King of the Akkadian Empire

Shu-turul (Shu-durul, , shu-tur2-ul3 also Šu-Turul; died c. 2154 BC) was the last king of Akkad, ruling for 15 years according to the Sumerian king list. It indicates that he succeeded his father Dudu. A few artifacts, seal impressions etc. attest that he held sway over a greatly reduced Akkadian territory that included Kish, Tutub, Nippur, and Eshnunna. The Diyala River also bore the name "Shu-durul" at the time.
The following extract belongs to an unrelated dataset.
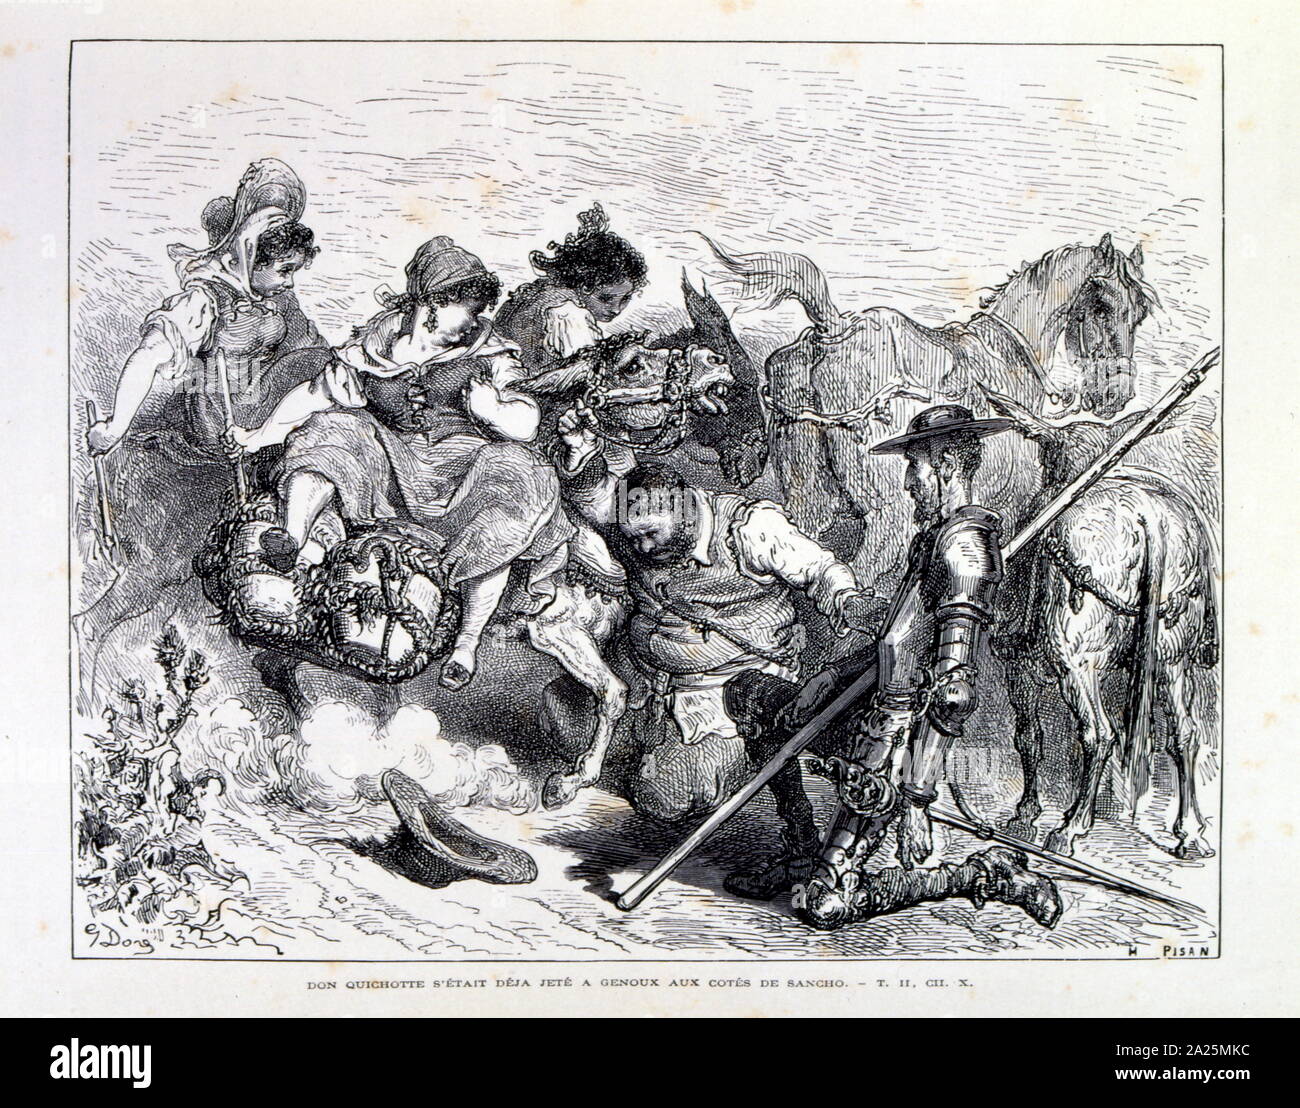 1868 edition of Miguel de Cervantes' Don Quixote with illustrations by Gustave Doré Stock Photo

Map depicting ancient cities of Sumer. The area under the control of Shu-Turul was an area that contained Kish, Tutub, Nippur, and Eshunna.

==Sumerian King List==
The king list asserts that Akkad was then conquered, and the hegemony returned to Uruk following his reign. It further lists six names of an Uruk dynasty; however only two of these six rulers, Ur-nigin and Ur-gigir, have been confirmed through archaeology. With Akkad's collapse, the Gutians, who had established their capital at Adab, became the regional power, though several of the southern city-states such as Uruk, Ur, and Lagash also declared independence around this time.

==Inscriptions==
A few inscriptions in his name are known. One, on an administrative clay sealing found at Kish reads:

"Šu-Turul the mighty, king of Agade"

A clay sealing of Shu-turl was found at Nippur. Another reading "[S]u-Turul, the [m]ighty, [ki]ng of [Aga]de: ... [(is) his servant]." was found at Tell Asmar.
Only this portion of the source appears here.